Author: Priya Lakra
This is the script for constructing core genome phylogeny for taxonomic purposes. It involves extraction of core genome from the genome assemblies of closely and/or distantly related species, and employing this core genome for construction of phylogenomic tree.
get_homologues package is required for extracting core and pan genomes among different species.
MAFFT is used for generating multiple sequence alignment.
For concatenating alignments into a super matrix, one can use
- Sequence matrix
- Custom scripts
IQtree and MEGA X can be used for generating phylogenomic trees.
iTOL is used for tree visualization and editing. Figtree can also be used.

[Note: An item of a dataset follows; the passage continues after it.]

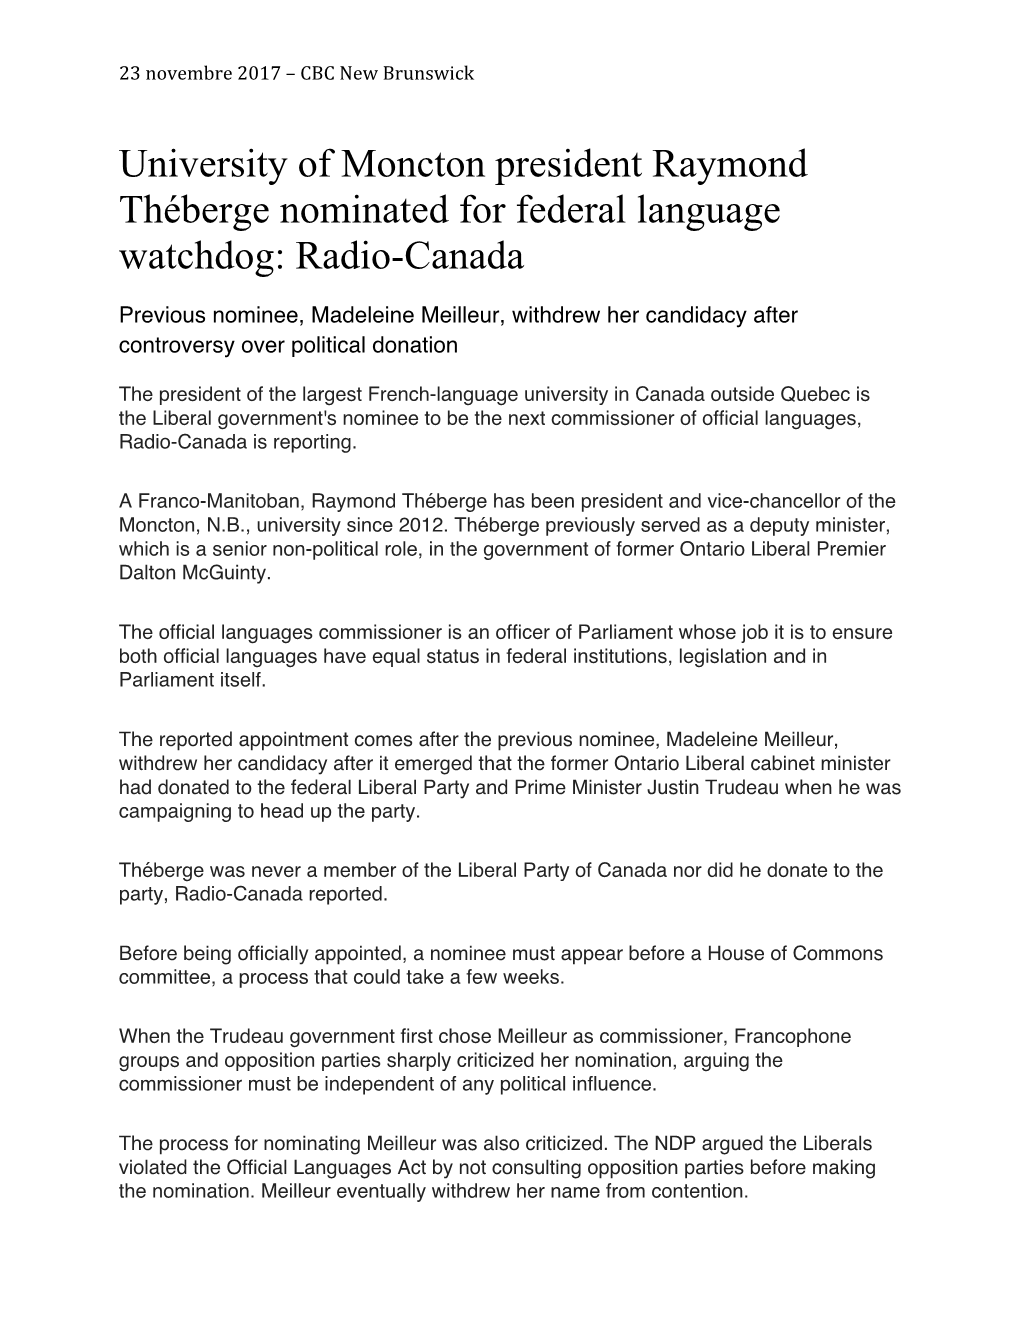 University of Moncton President Raymond Théberge Nominated for Federal Language Watchdog: Radio-Canada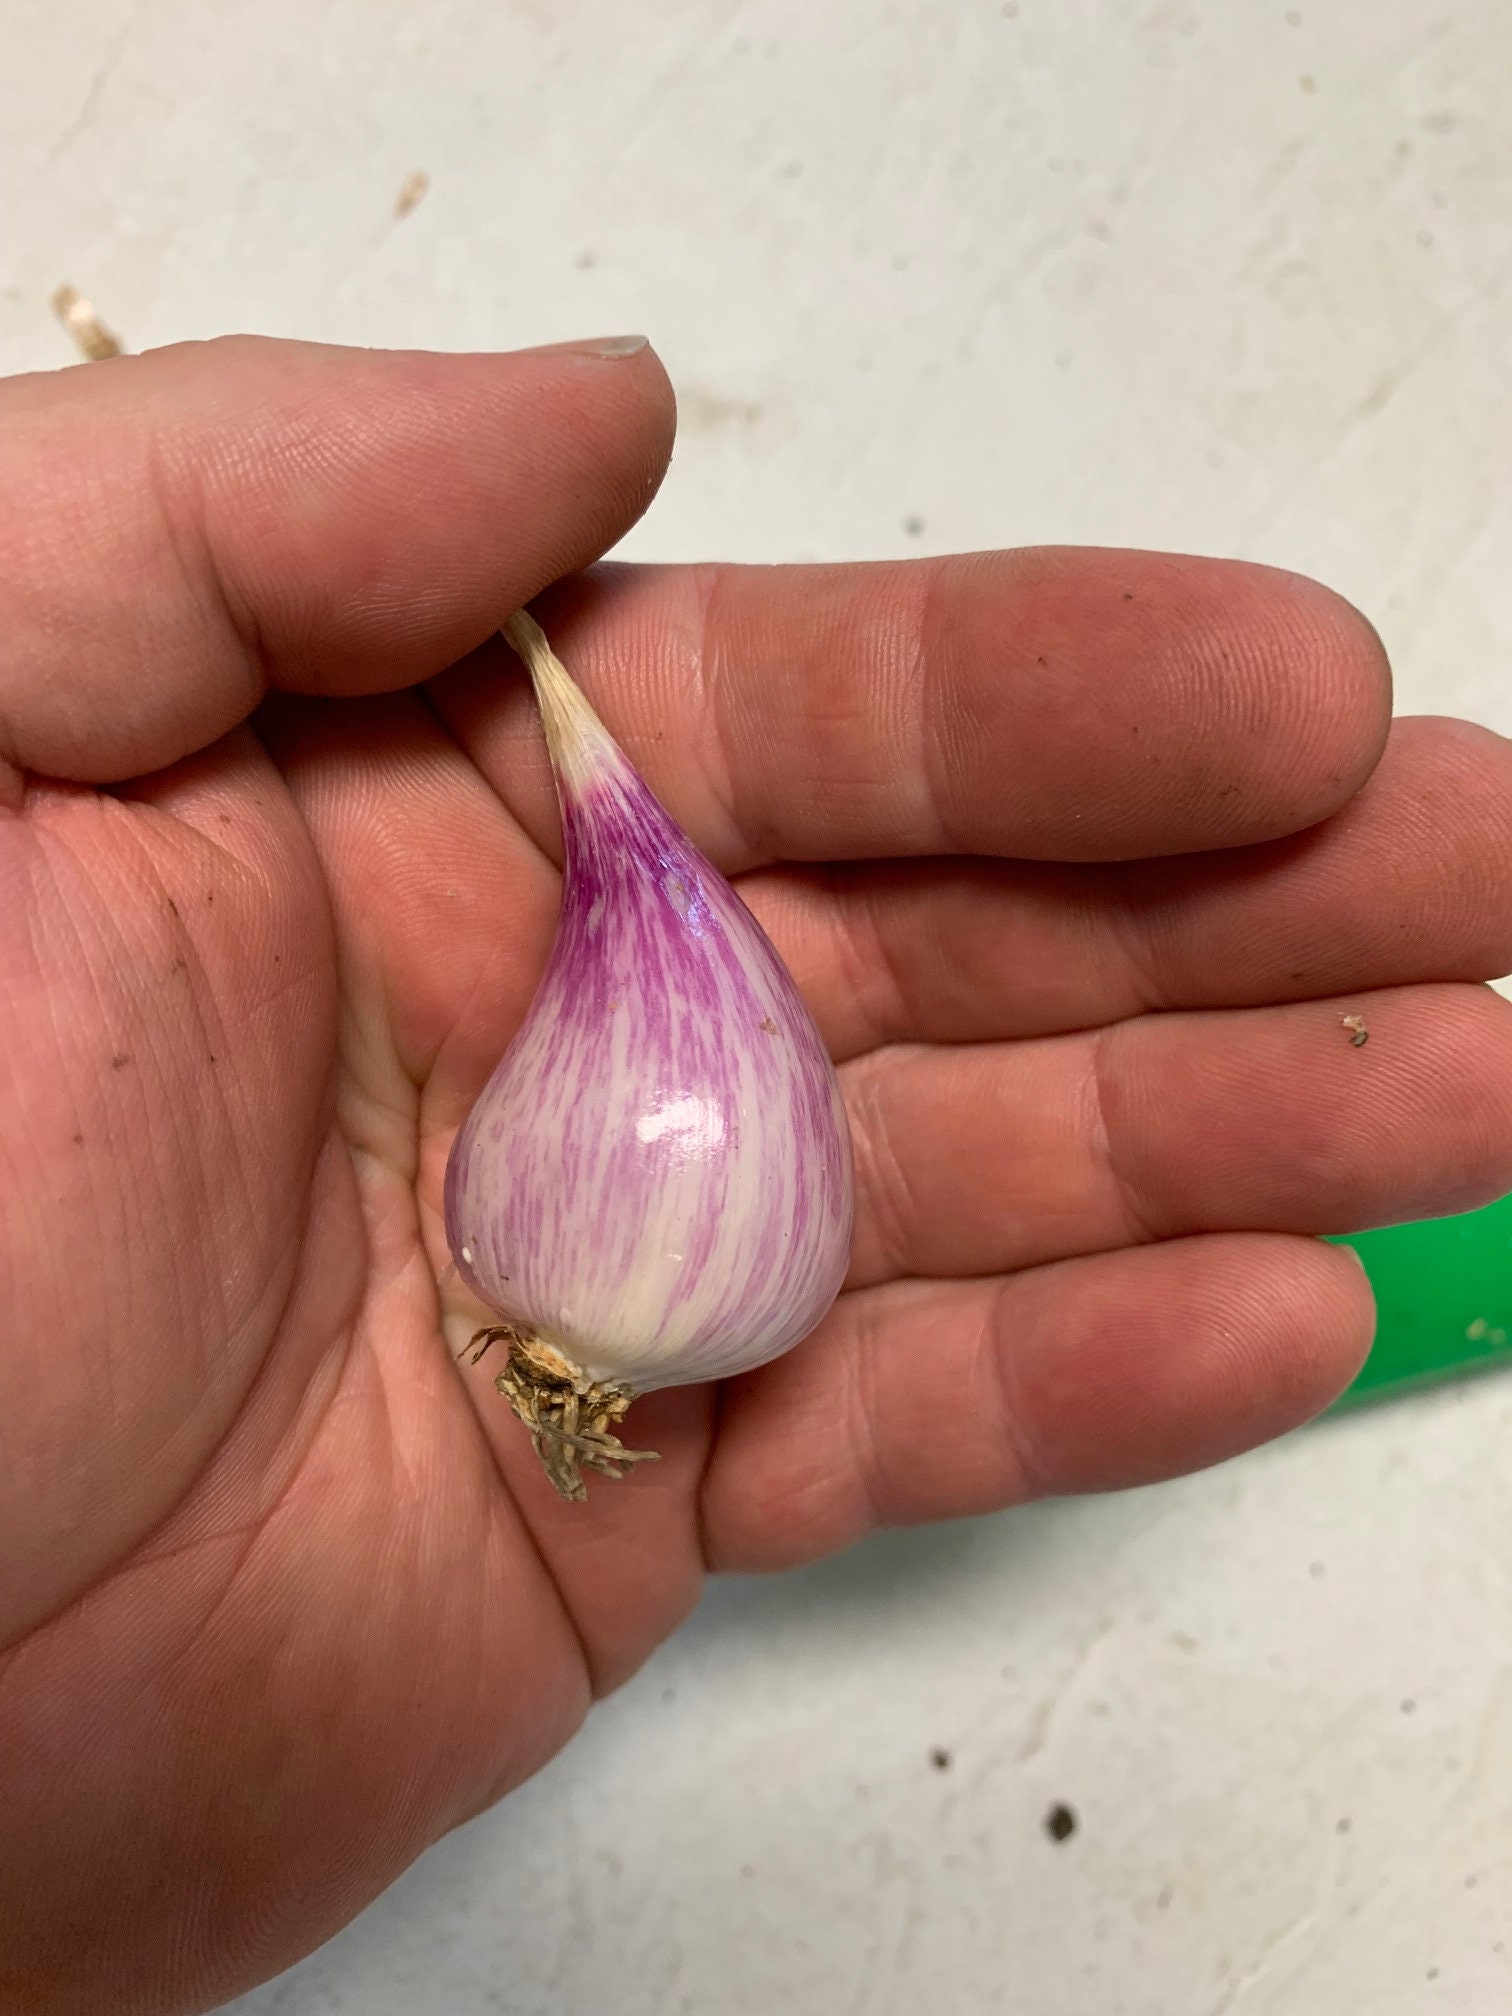 NERO SHALLOT Sets - Non-Gmo Bulbs, Garden Seed Shallots - Traditional Round  Shape, Fresh Multiplier Onions

`git clone https://github.com/PriyaLakr/coreGenomePhylogeny.git`
`cd PATH/TO/coreGenomePhylogeny`
`bash pl_install_depend.sh`
You can check installation information in the file "install.info"
`bash pl_getcg.sh [options]`
for help: run bash pl_getcg.sh -h
`bash pl_treegen.sh [options]`
for help: run bash pl_treegen.sh -h
`bash pl_concat.sh`
for help: run bash pl_concat.sh -h
Notes: Another way is to create trees using individual gene files and concatenate individual gene trees to create a super tree. Read first if you really require this approach.
`bash pl_treegen.sh [options]`
Reference data adapted from Lakra, P et al., 2021.